## DATASET EXCERPT

========================

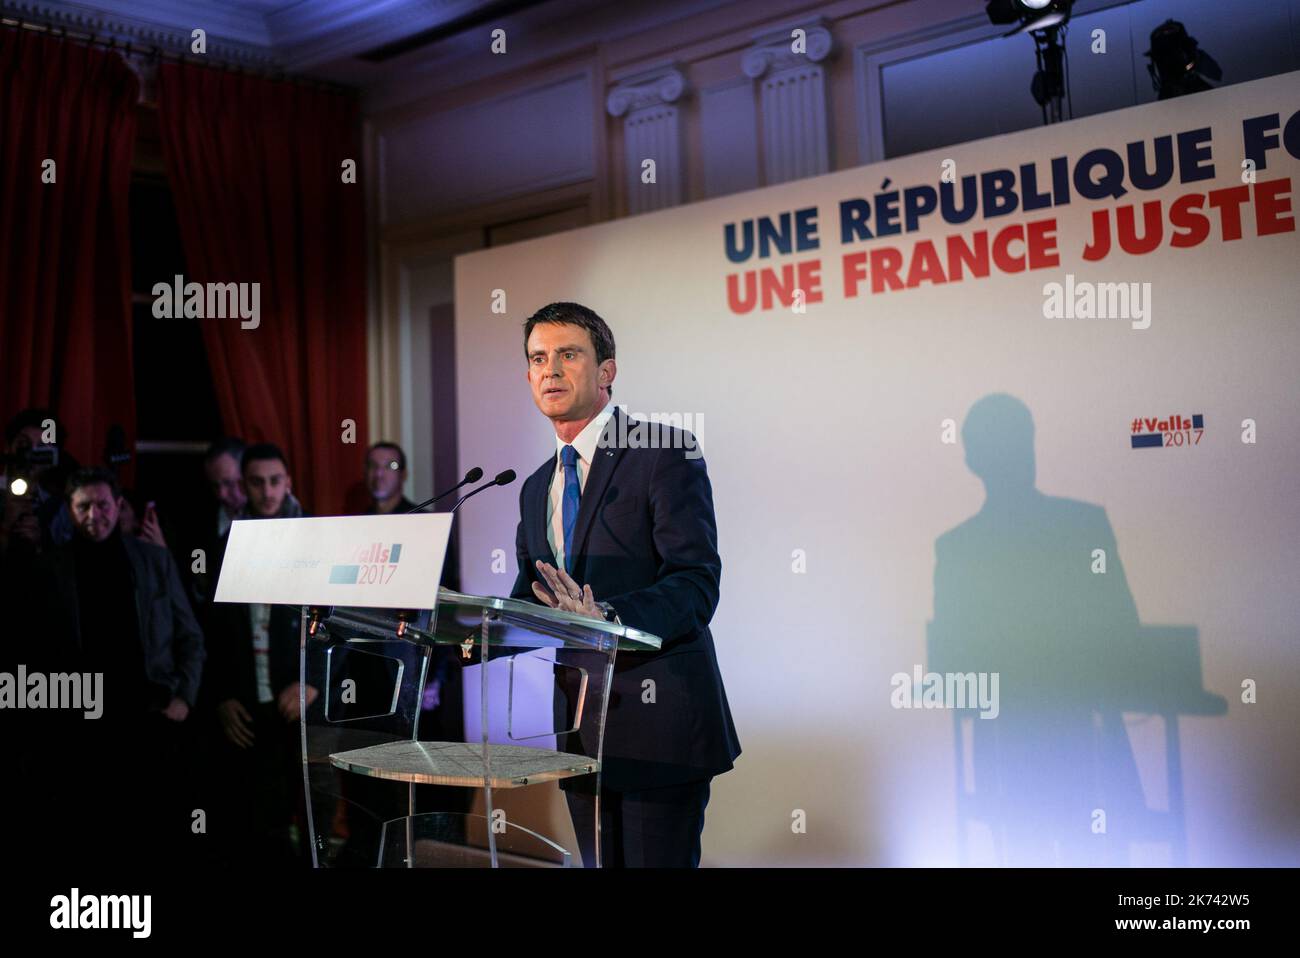 L'ancien Premier ministre français et candidat du parti de gauche, Parti socialiste Manuel Valls, prononce un discours après les résultats du premier tour des primaires du parti, le 22 janvier 2017 à Paris Banque D'Images
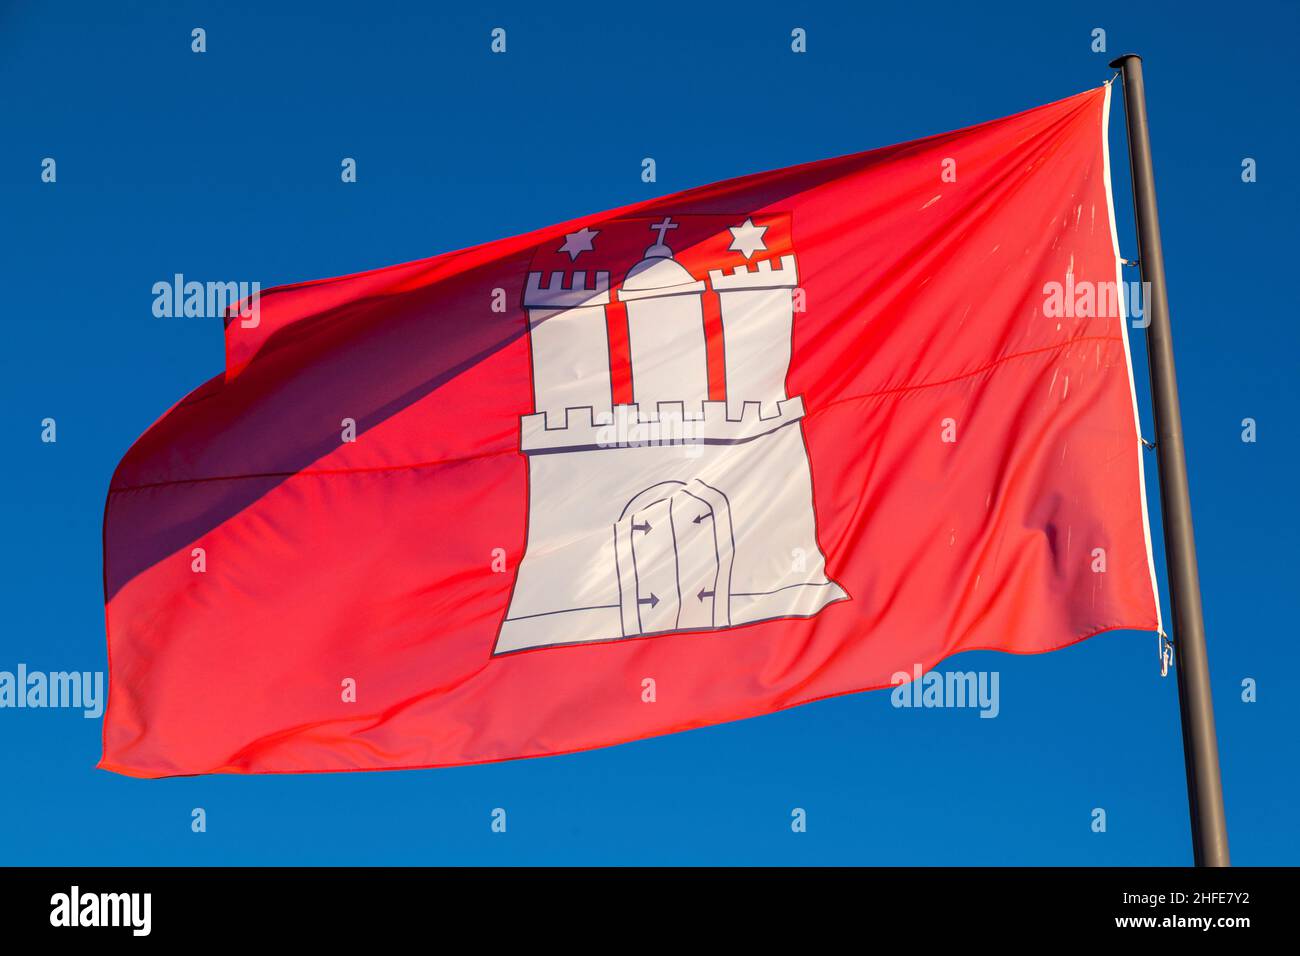 civil flag of Hamburg Stock Photo
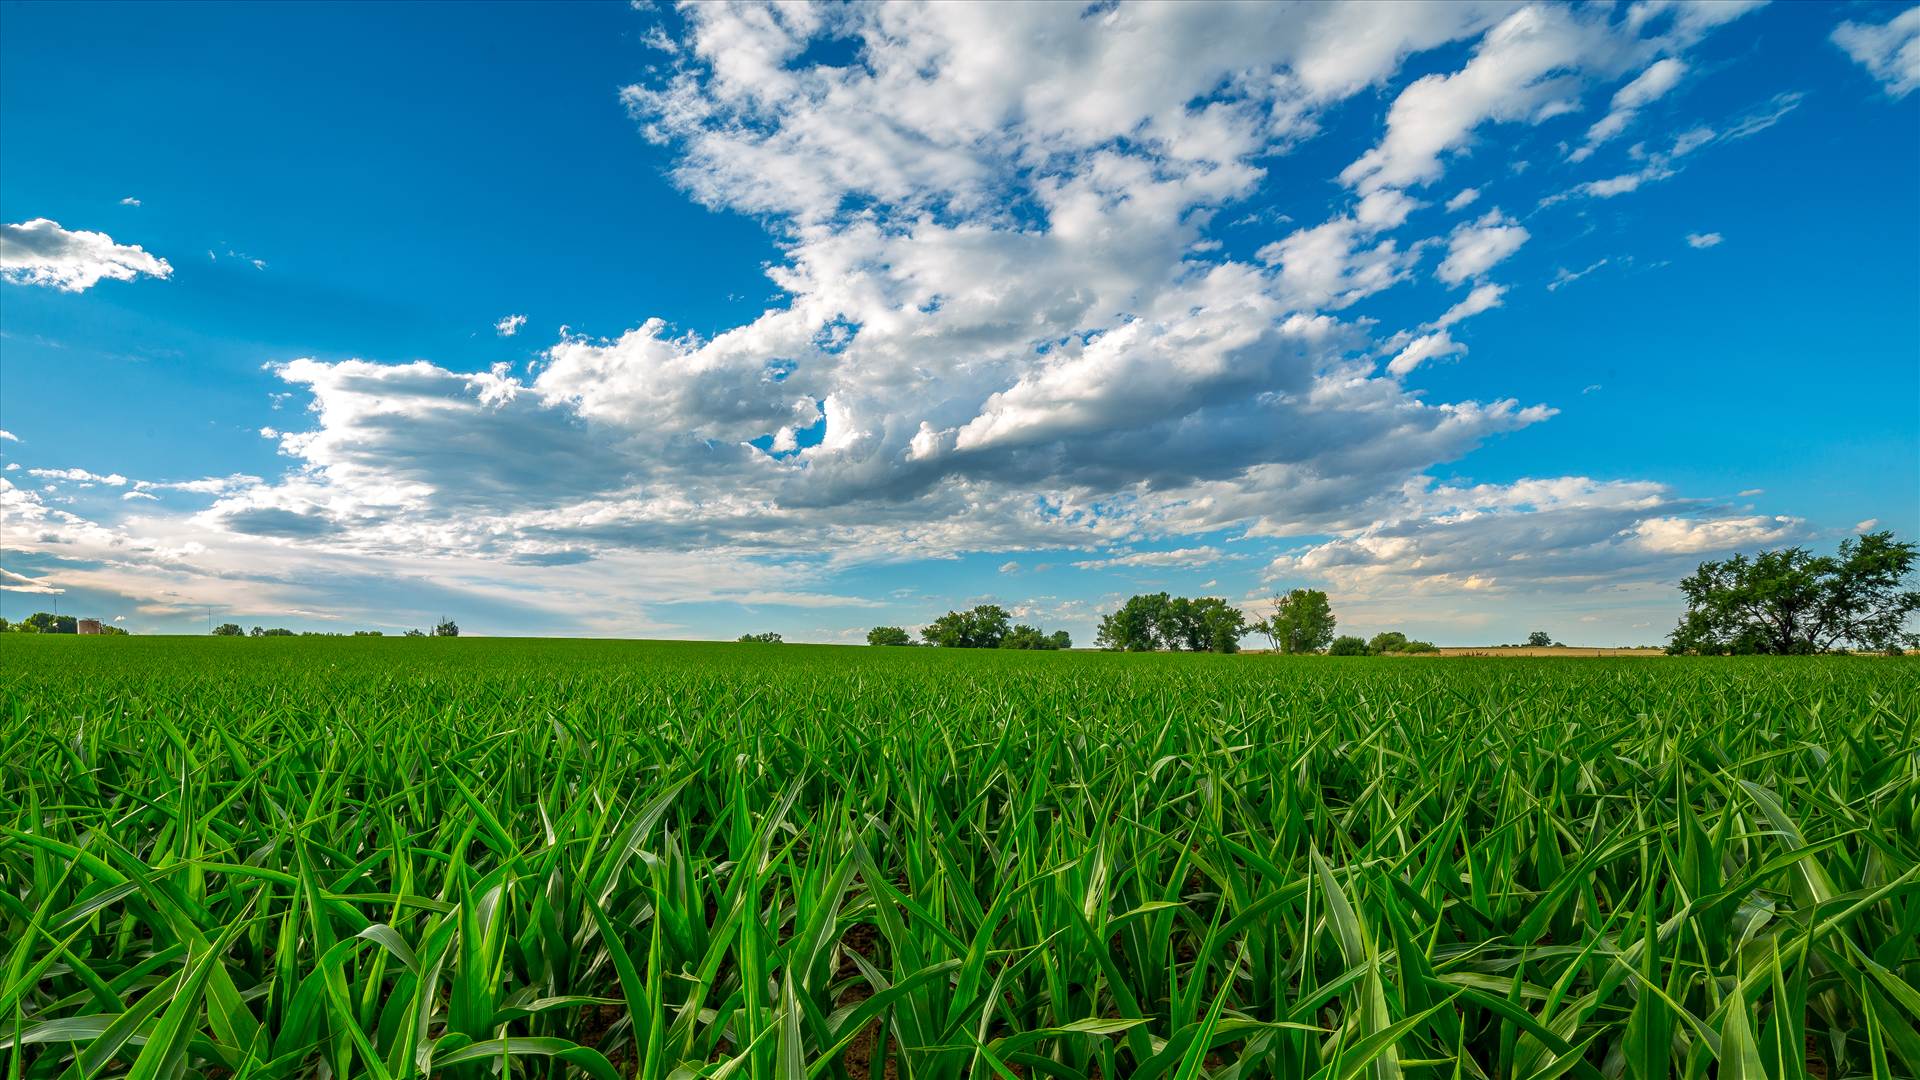 Summer Fields II - Corn fields near Longmont, Colorado by Scott Smith Photos
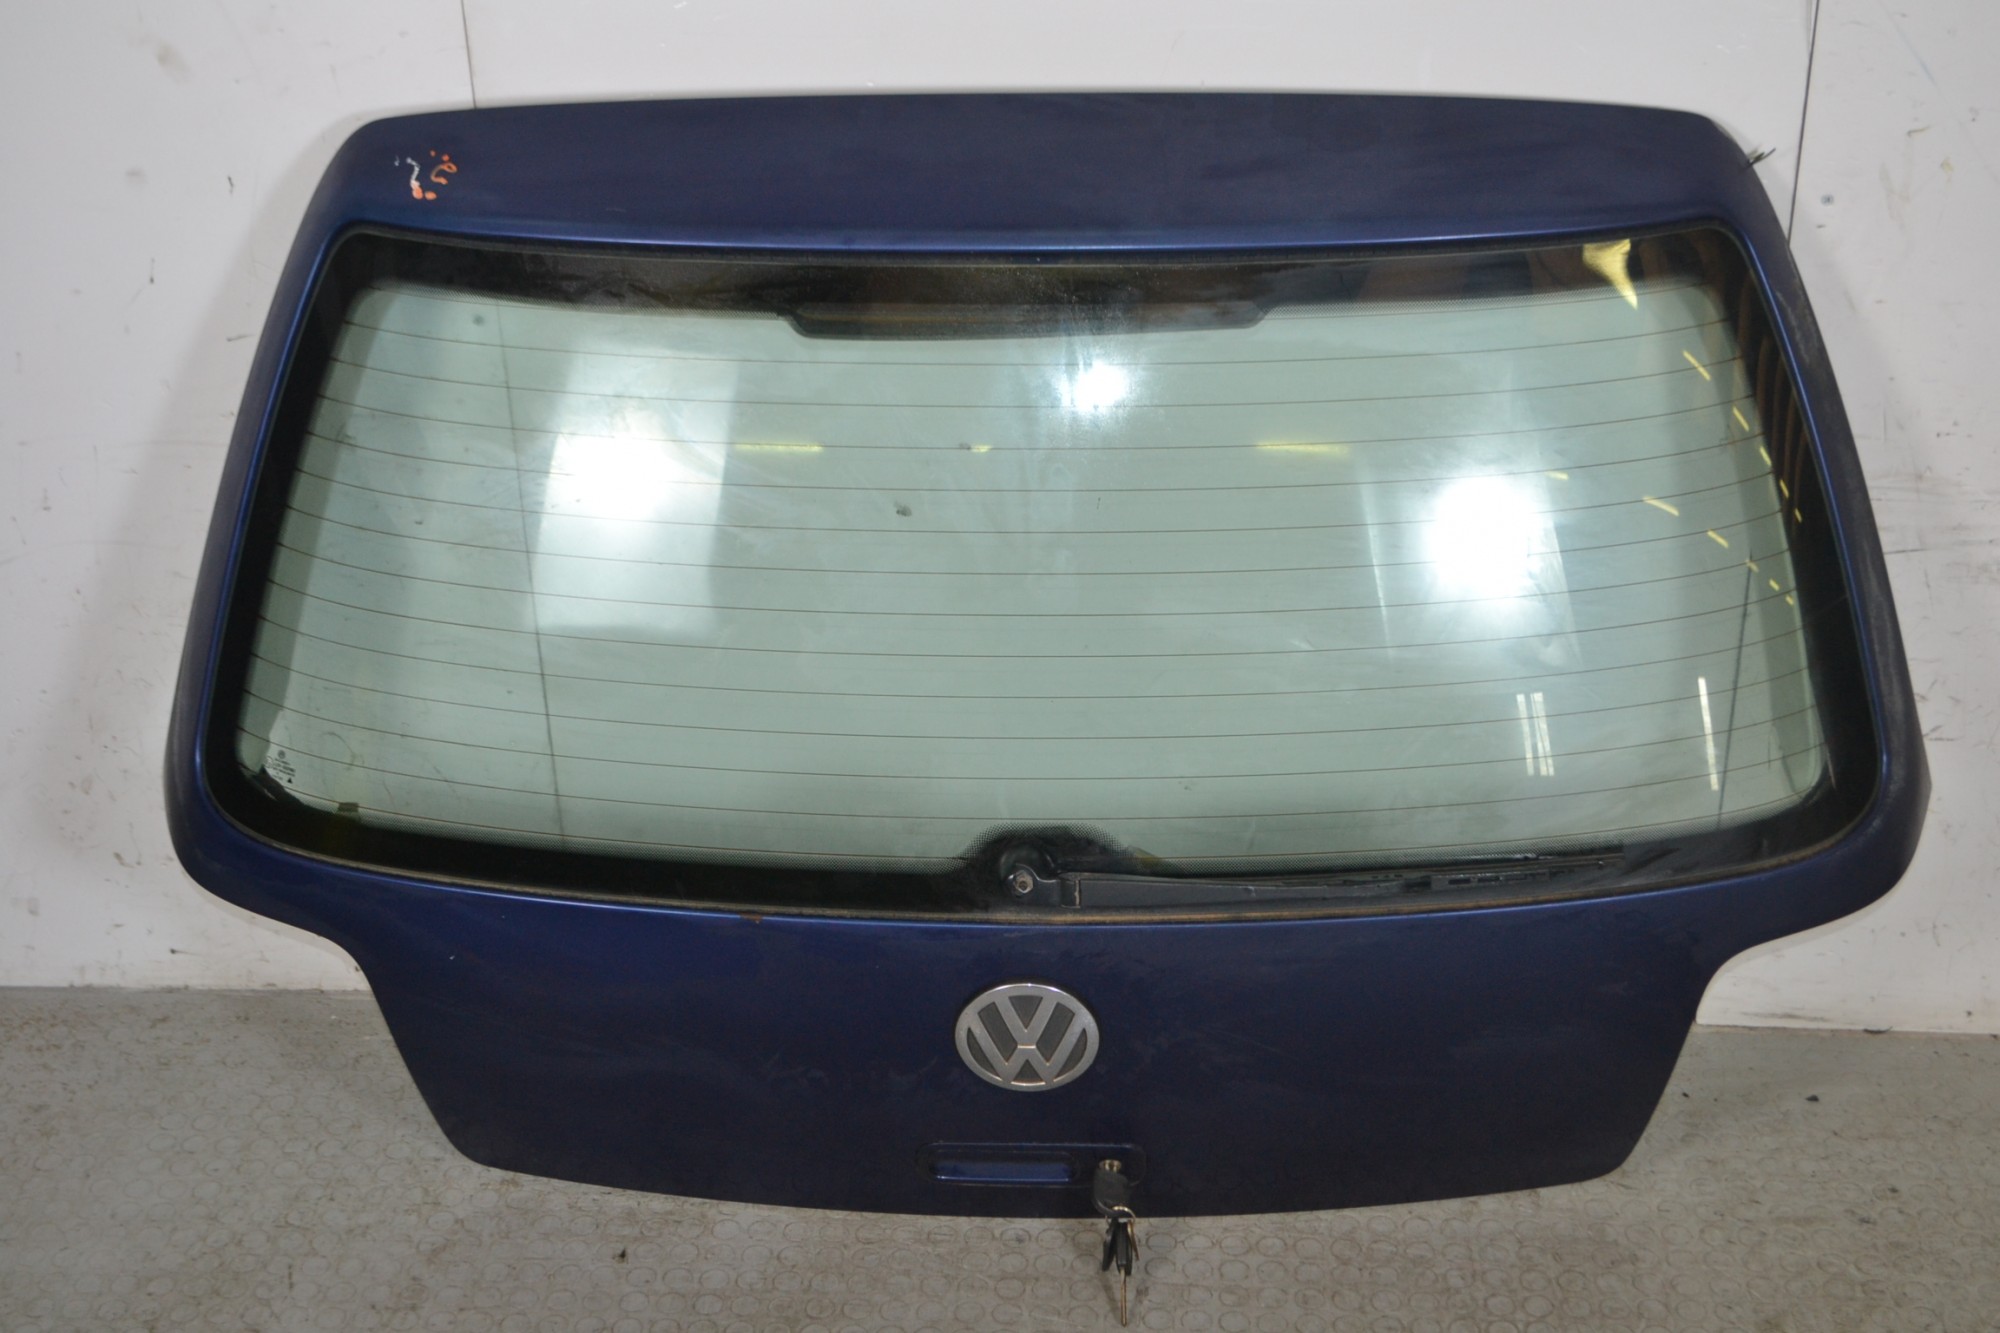 Portellone bagagliaio posteriore Volkswagen Golf IV Dal 1997 al 2004 Blu  1664372569573

========================

## TASK INSTRUCTIONS
Your output should be only the lines from the line with "Summer Fields II" through the end of the data, exactly as they stand, and no pictures.

## PROBLEM SOLUTION
 Summer Fields II - Corn fields near Longmont, Colorado by Scott Smith Photos
 Portellone bagagliaio posteriore Volkswagen Golf IV Dal 1997 al 2004 Blu  1664372569573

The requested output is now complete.